Yesterday, I listened to a talk by Vice Chancellor J. Travis Laster of the Delaware Court of Chancery entitled "Purpose, Power, and Fiduciary Duty: Dimensions of Delaware's Corporate Law Regime". The webinar was presented by the University of Delaware's John L. Weinberg Center for Corporate Governance. Vice Chancellor Laster took a very deferential view of a board's decisions to donate corporate assets - applying a standard of rationality, not reasonableness. Notably, he did not reference the statutory authority for corporate giving - Section 122(9) of the Delaware General Corporation Law provides that a Delaware corporation has the power to "[m]ake donations for the public welfare or for charitable, scientific or educational purposes, and in time of war or other national emergency in aid thereof". He also did not apply the doctrine of corporate waste to his analysis, although he did address it in response to my question.

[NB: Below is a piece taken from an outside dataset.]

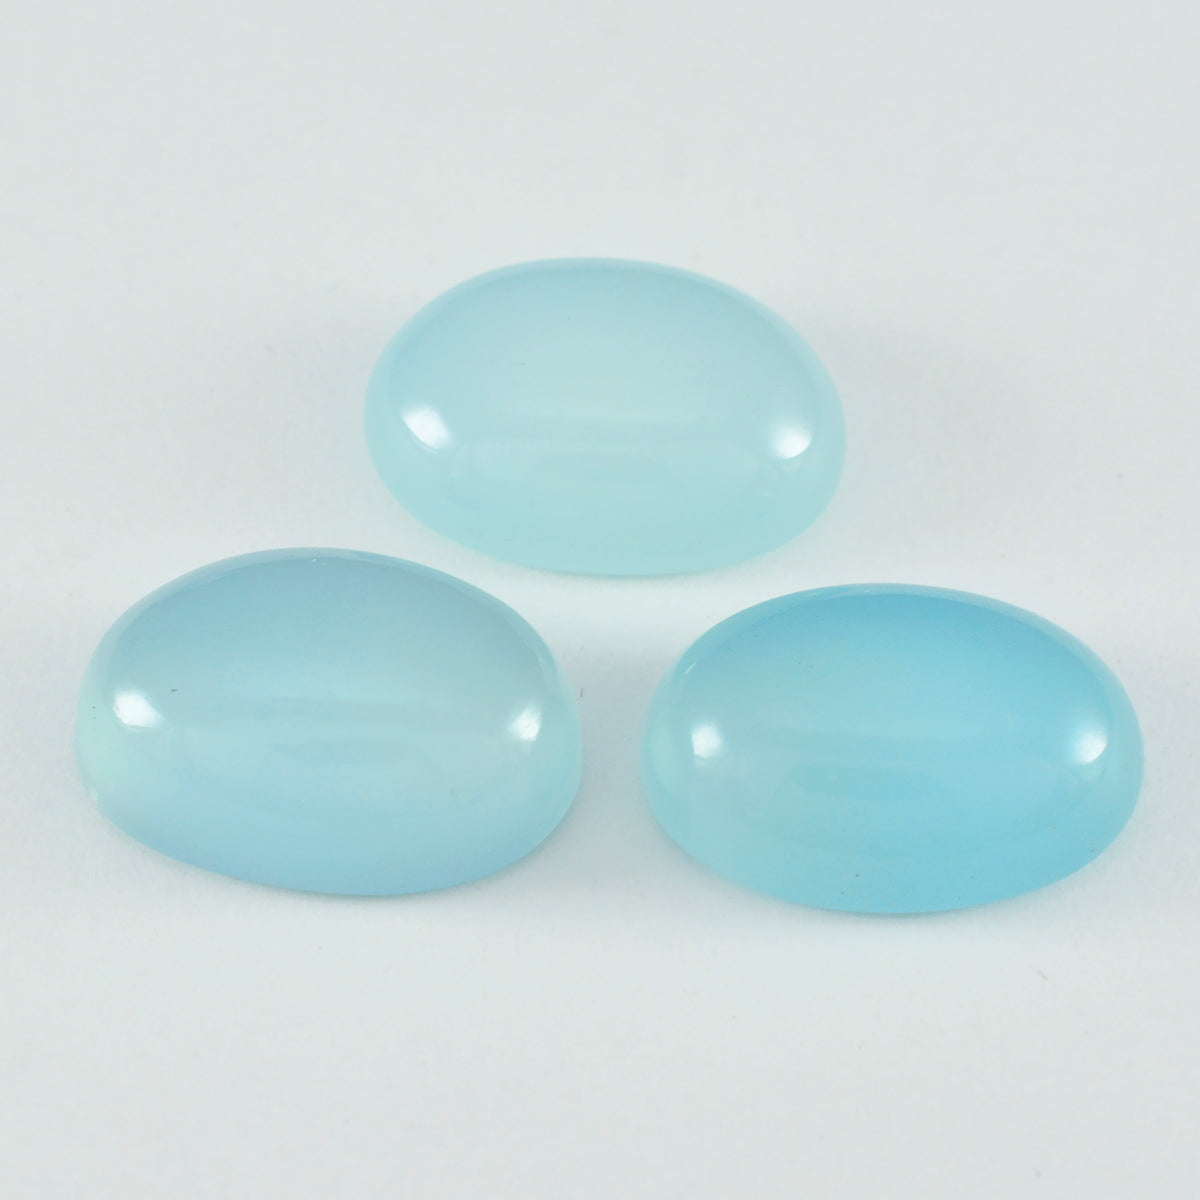 Riyogems 1 Stück Aqua-Chalcedon-Cabochon, 10 x 14 mm, ovale Form, lose Steine von ausgezeichneter Qualität

Six years ago, I noted one significant difference between Section 122(9) and Section 207(e), the analogous provision in California's General Corporation Law. California's statute expressly dispenses with any requirement of a specific corporate benefit. I do not read this to authorize donations when there is no benefit to the corporation whatsoever because directors are required to act "in a manner such director believes to be in the best interests of the corporation and its shareholders". Cal. Corp. Code § 309(a). A gift of all of the corporation's assets would seem to be of no benefit to the corporation.
Section 207 also expressly subjects the power of corporate giving to:
- Any limitations contained in the corporation's articles of incorporation;
- Compliance with other provisions of the California General Corporation Law; and
- Compliance with any other applicable laws.
One such other applicable law would be the California Voidable Transactions Act. Cal. Civ. Code §§ 3439 - 3439.14.